The economy grew by 7.6 percent in 2022, outperforming the government’s target of 6.5 to 7.5 percent.

On the demand side, household consumption and investments moderated to a growth of 7.0 percent and 5.9 percent, respectively, compared with the previous year’s expansion. while government spending increased by a faster rate of 3.3 percent.

On the production side, the services sector grew strongly by 9.8 percent, the industry sector moderated to growth of 4.8 percent, while the agriculture sector contracted slightly.

The BSP’s growth forecasts indicate continued expansion in the near term driven by growth in the industry sector as the economy reopens further. Growth in the services sector is also evident with the improved labor market conditions, increased tourism demand, and resumption of face-to-face classes.


In line with its primary mandate of price stability, the BSP is taking the necessary policy action to bring inflation back to within the 2.0- to 4.0-percent target range for the medium term set by the government.

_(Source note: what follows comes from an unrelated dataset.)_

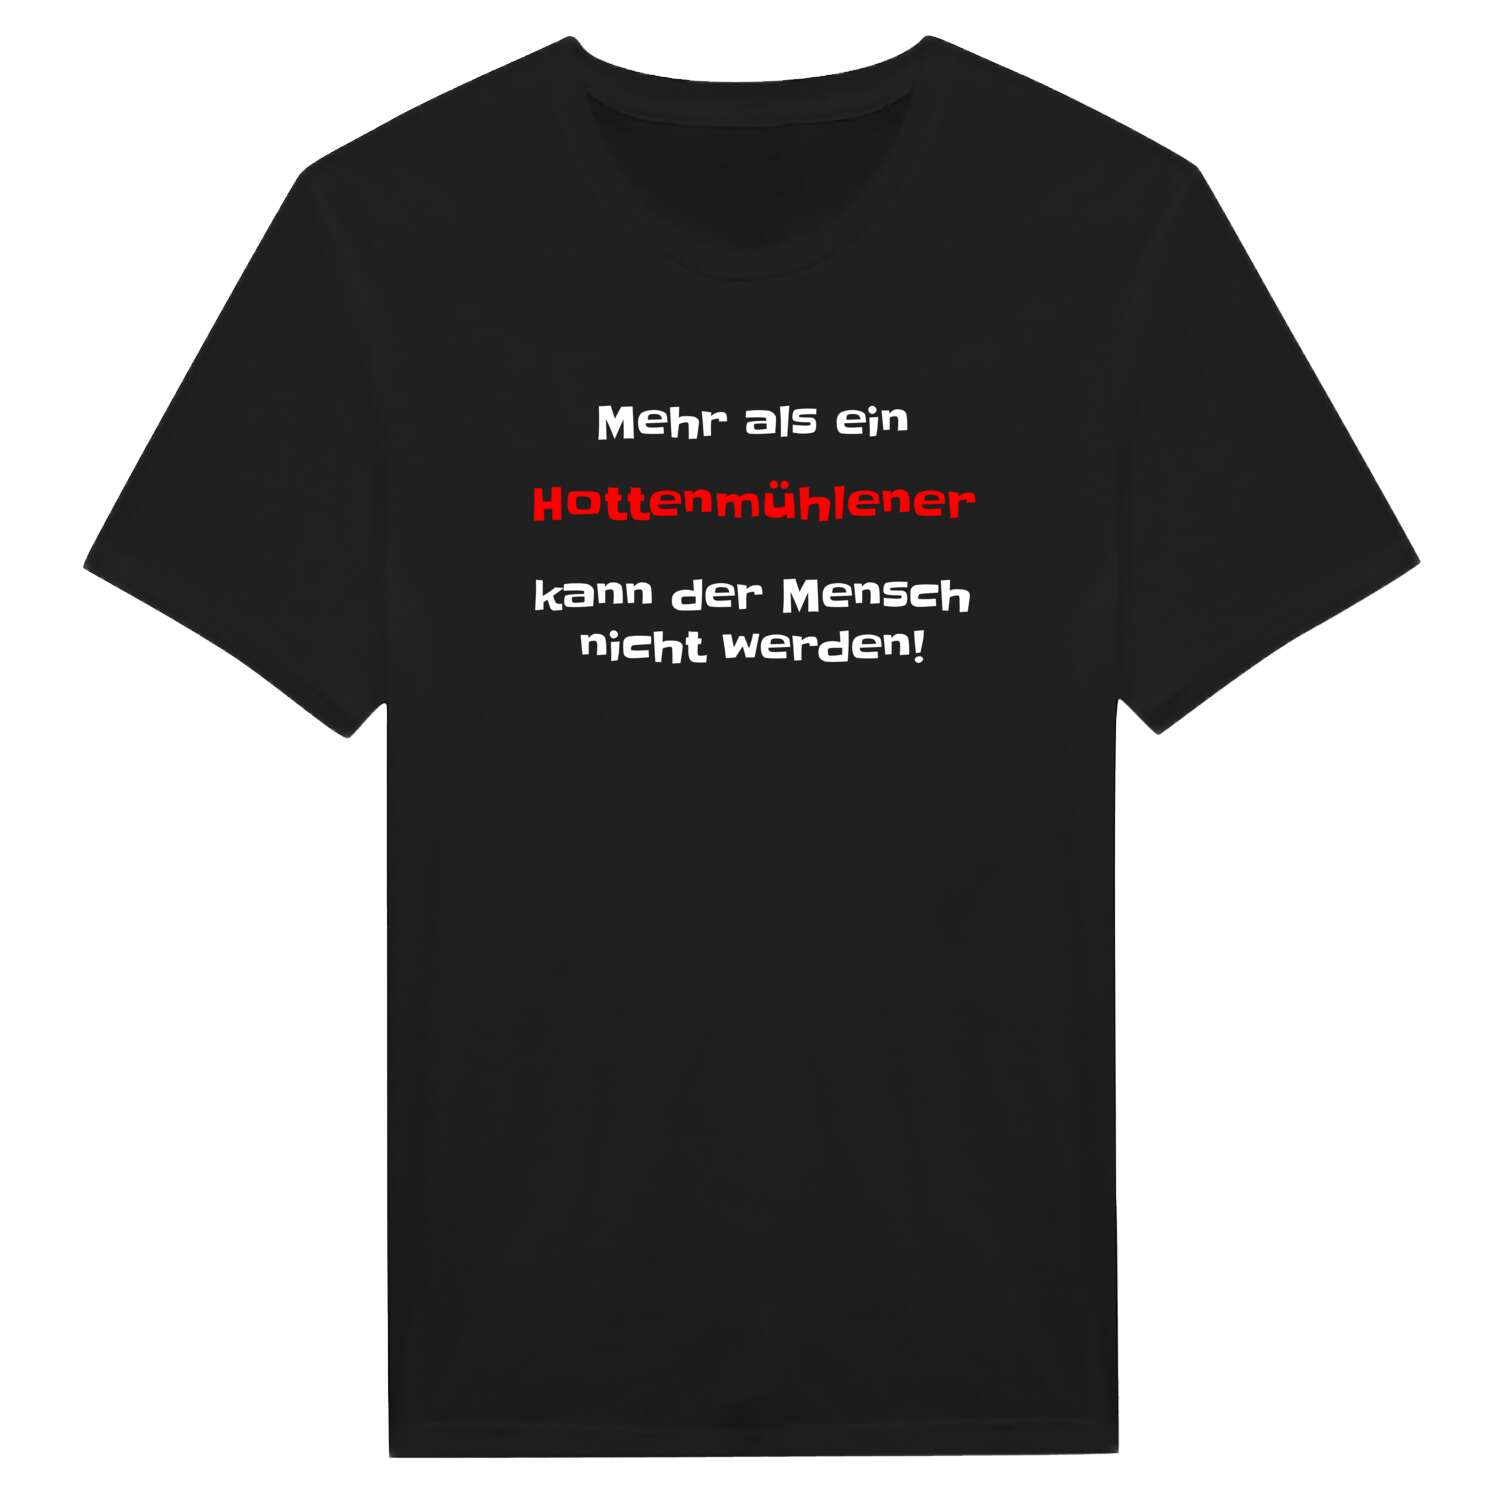 Hottenmühle T-Shirt »Mehr als ein«

Inflation is projected to remain elevated in the coming months due to a combination of persistent supply constraints and emerging demand-side pressures. The BSP’s latest move to raise its key policy rate anew by 50 basis points is meant to reduce the risk of a breach of the inflation target in 2024 and to prevent inflation expectations from drifting further away from the target band of 2.0 to 4.0 percent.

The main priority of the BSP is to bring inflation back to target, and we remain prepared to take all further action necessary to achieve this. Decisions to further raise interest rates going forward will depend on new data and how it affects our projections for future inflation and GDP growth.

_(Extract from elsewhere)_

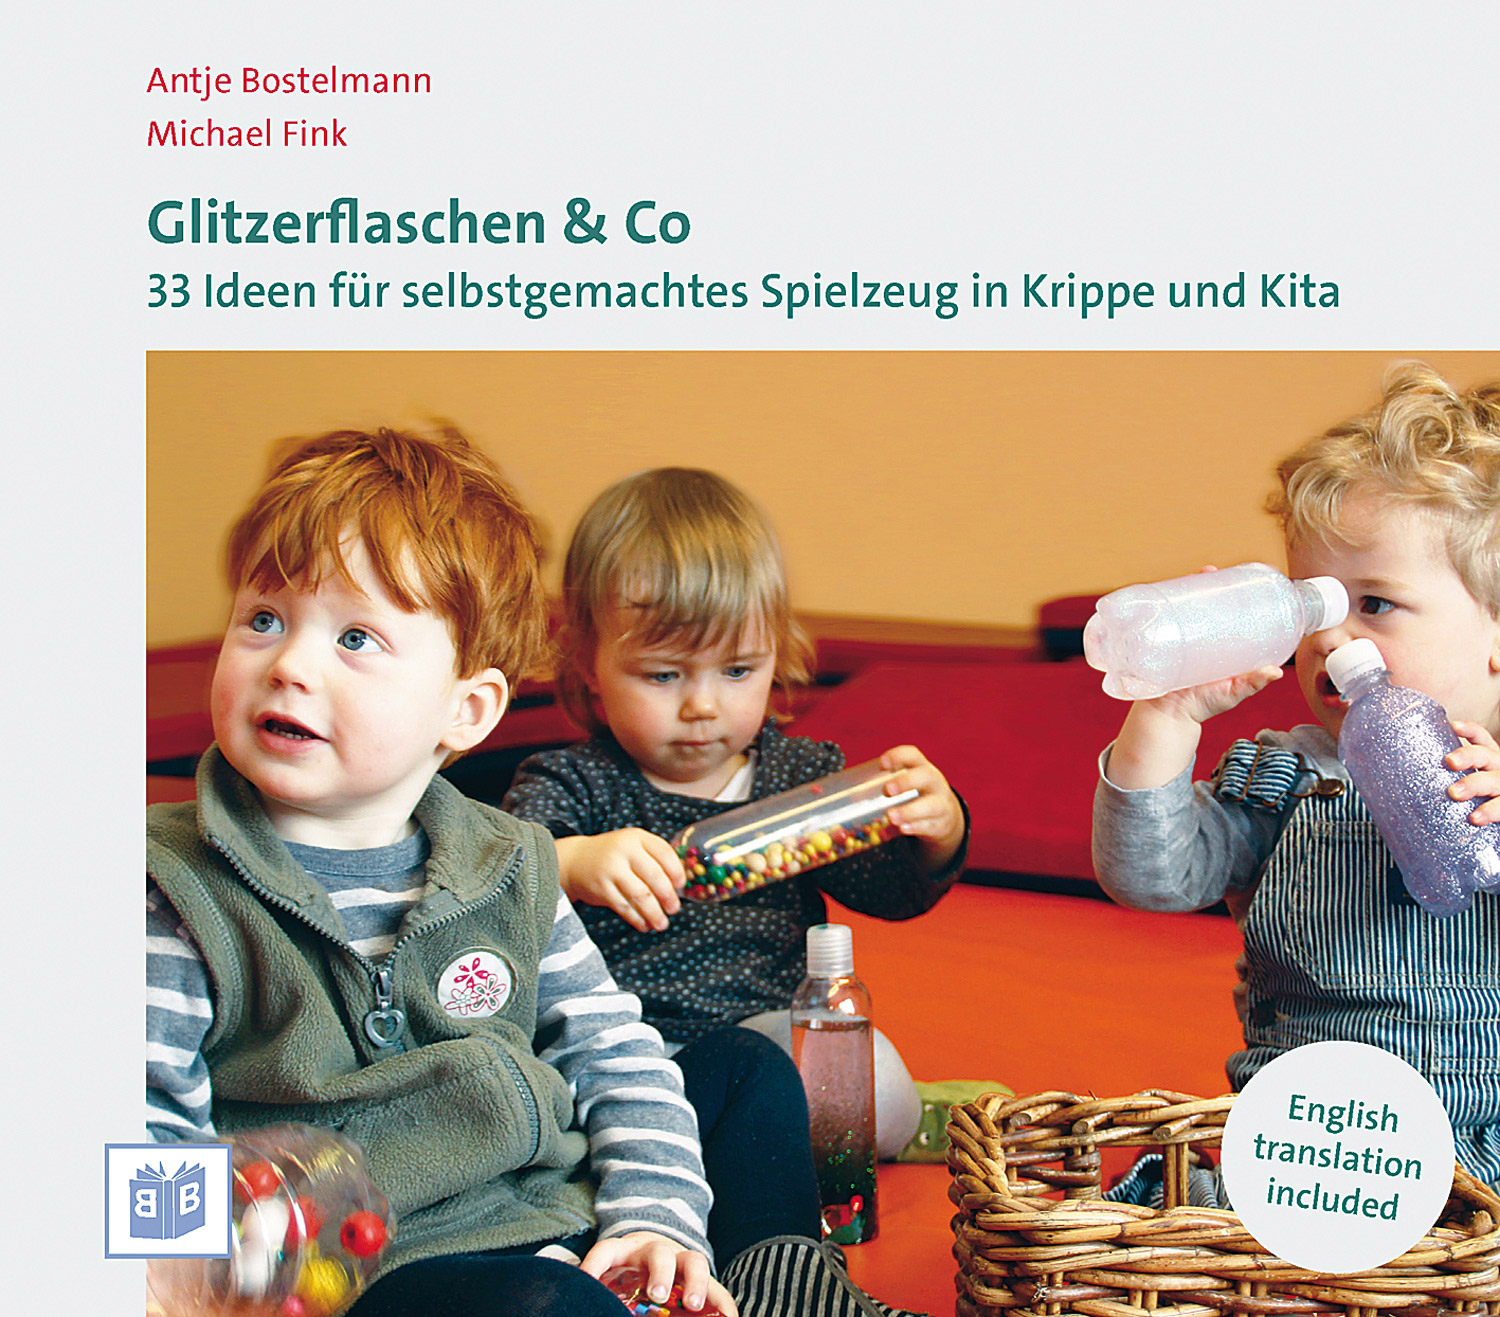 Glitzerflaschen & Co.

The BSP also continues to reiterate its support for timely and more aggressive whole-of-government actions to mitigate the impact of persistent supply-side pressures on food prices, including measures to increase imports of key commodities and boost domestic food production.
​​ bsp policy actions

The BSP raised its key policy interest rate to 6.0 percent...
​​​​ this means

This means . . .
Banks are expected to eventually increase their own lending rates, making borrowing more costly for everyone. However, if the BSP does not act now, inflation will remain higher for a longer period of time which will be worse for everyone.